6. The documentation attached to the letter was placed in evidence by Respondent to support its reason for Khow's detailing Lavoie. The General Counsel objected to their receipt as hearsay. They are part of the record simply because they were used by Khow to show Purcell, on advice from Respondent's personnel office, her reasons for the detail and not to show that they were allegations which were true.

7. This appears to be the same meeting Khow was earlier discussing when she said that the Public Health Nurses as a group had come to her in either August or September 1995 and told her about their frustration in the workplace, because of continuing problems with hostility in the work place and the attendant stress. There was only one such meeting.

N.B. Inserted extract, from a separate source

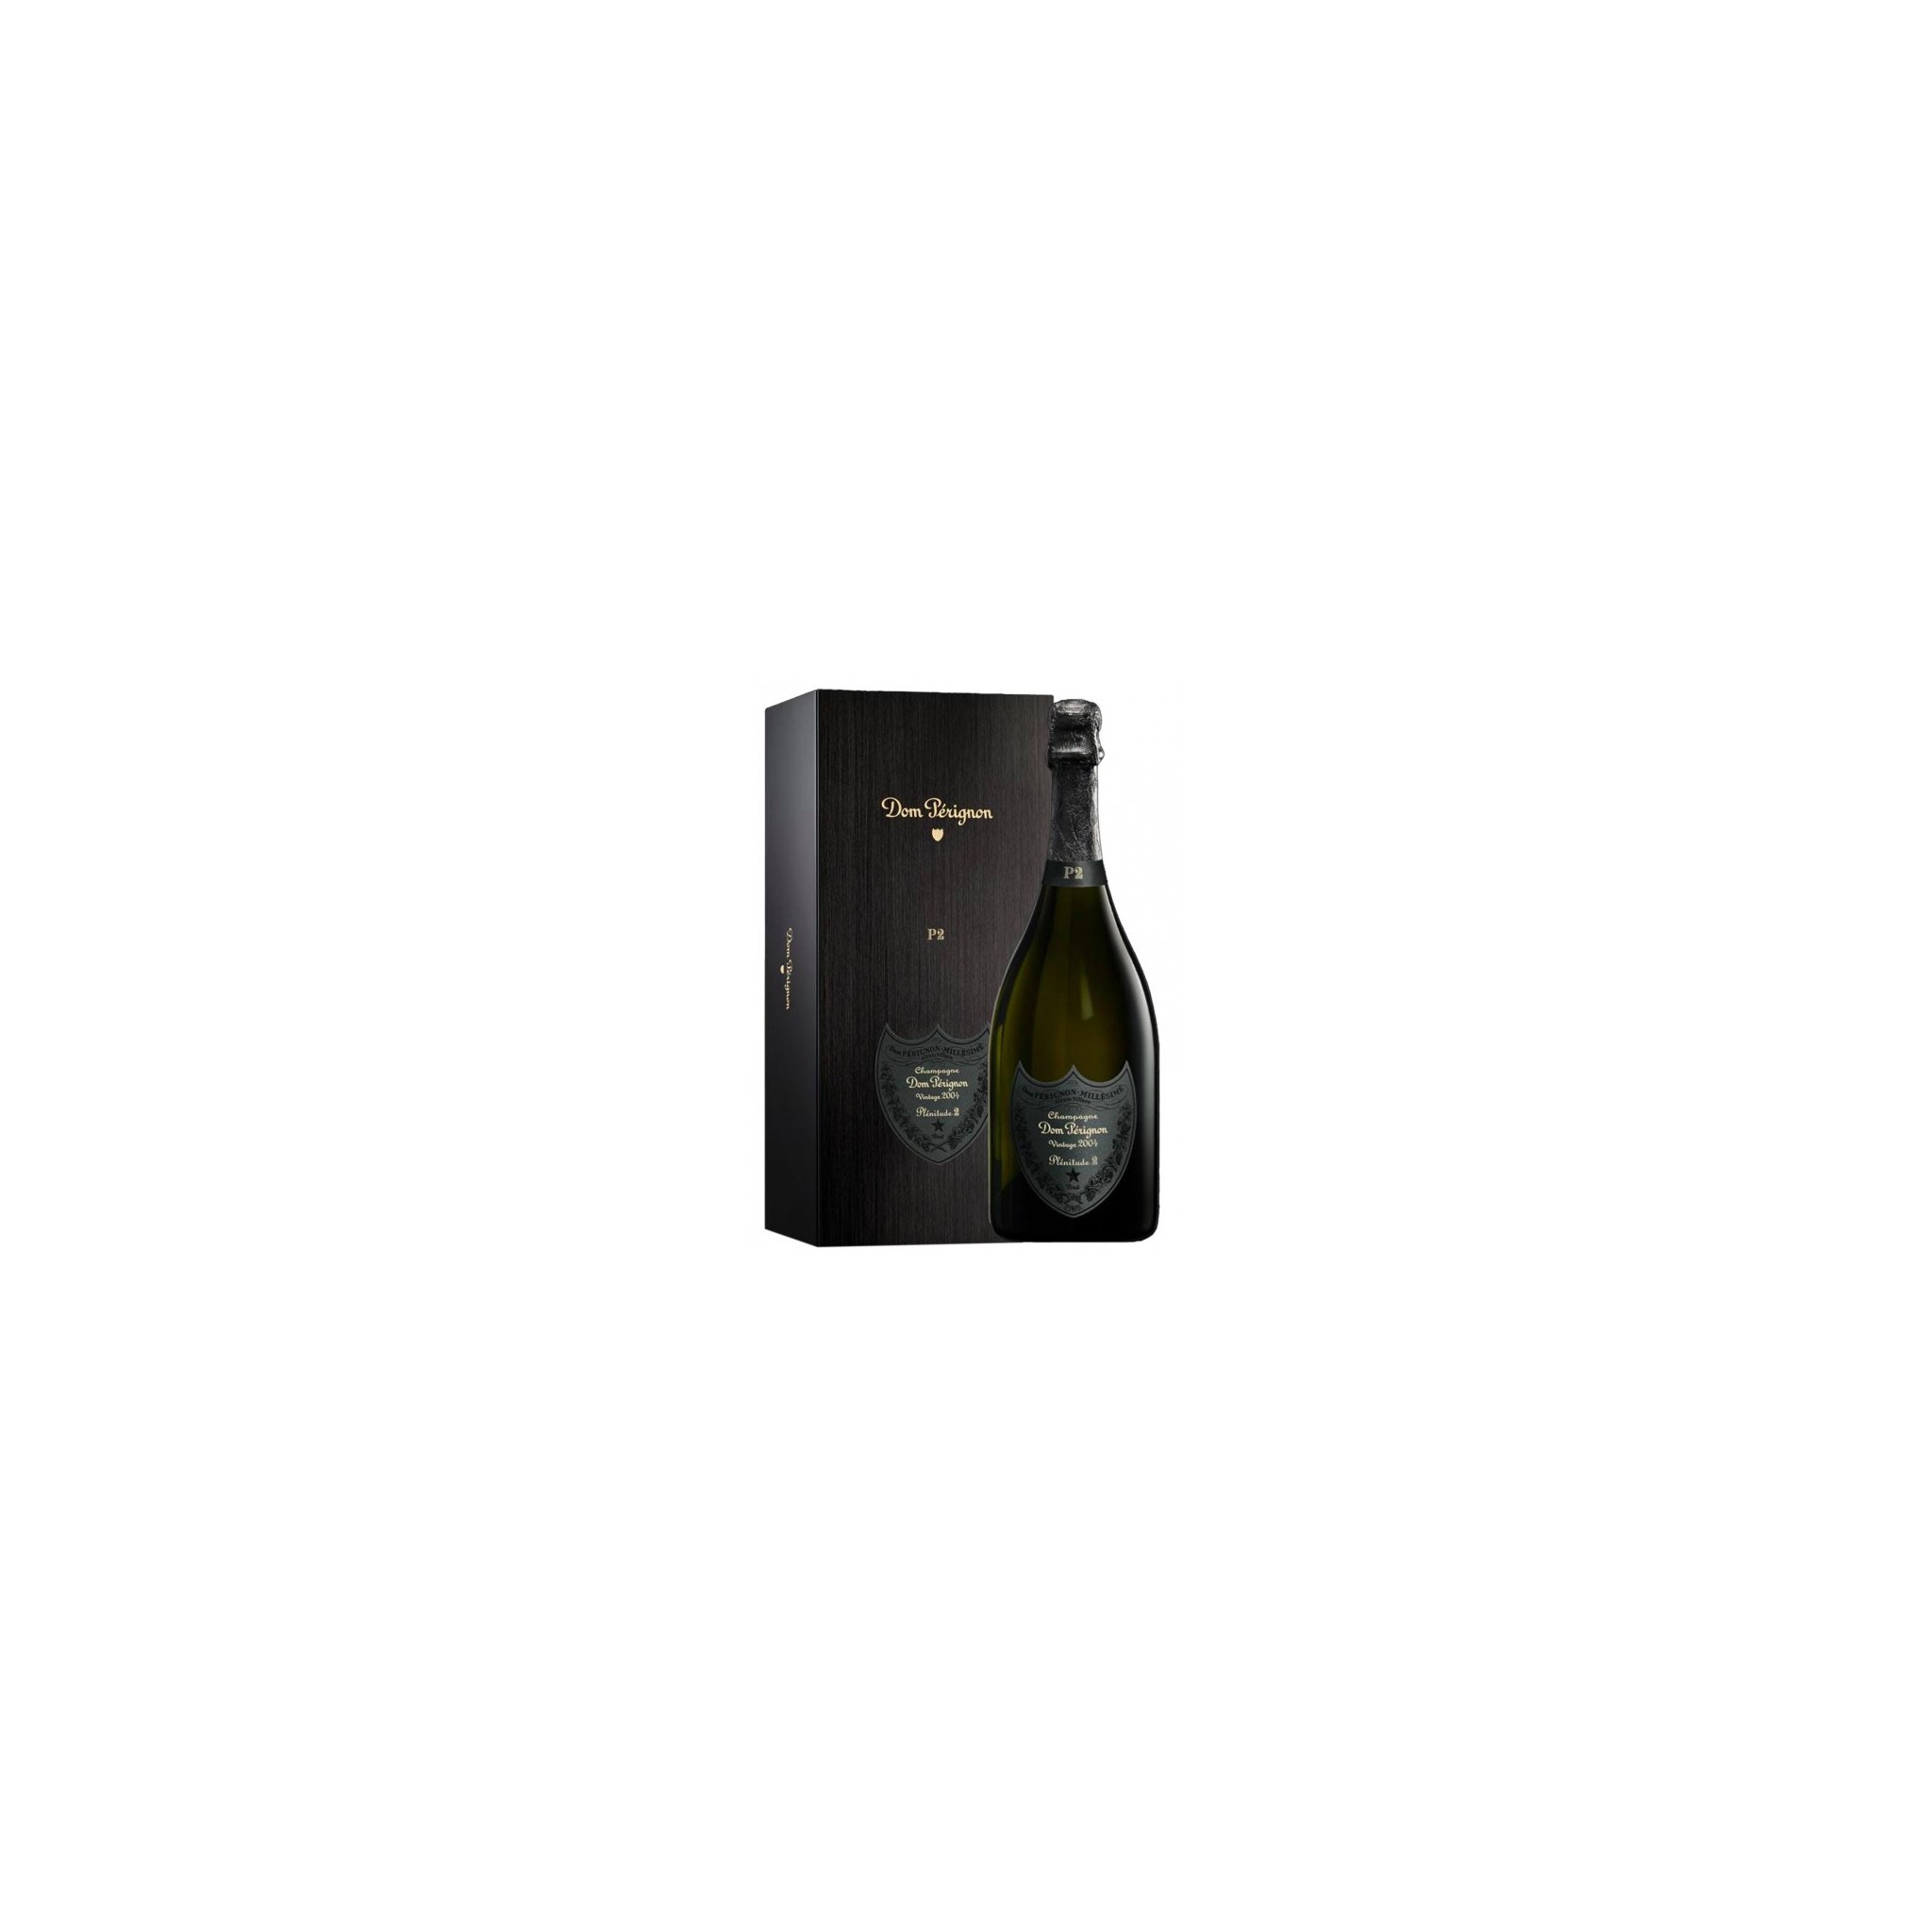 2004 Dom Perignon P2 Champagne

8. There were continuing problems between a Navajo LPN and Lavoie and some of those problems impacted on other employees such as Cornelia Keams, a Social Hygiene Technician, who refused to attend Dilcon Team meetings because of disruption because of arguments between the LPN and Lavoie over health issues regarding their clients. Keams said that "they" were loud and made her uncomfortable.

9. While Lavoie testified that no one ever told her that they were uncomfortable about her alleged insensitivity, she asked her driver, Priscilla Chatter to write a letter on her behalf saying something "good about me" because she allegedly heard that Pete was telling people or suggesting that she was a racist.

10. A September 14, 1995 memorandum written by Lavoie's driver-interpreter at Lavoie's request clearly indicated to the undersigned that Lavoie knew or suspected that her conduct was about to be challenged. She testified that she requested the memorandum because of some accusation that Pete was about make.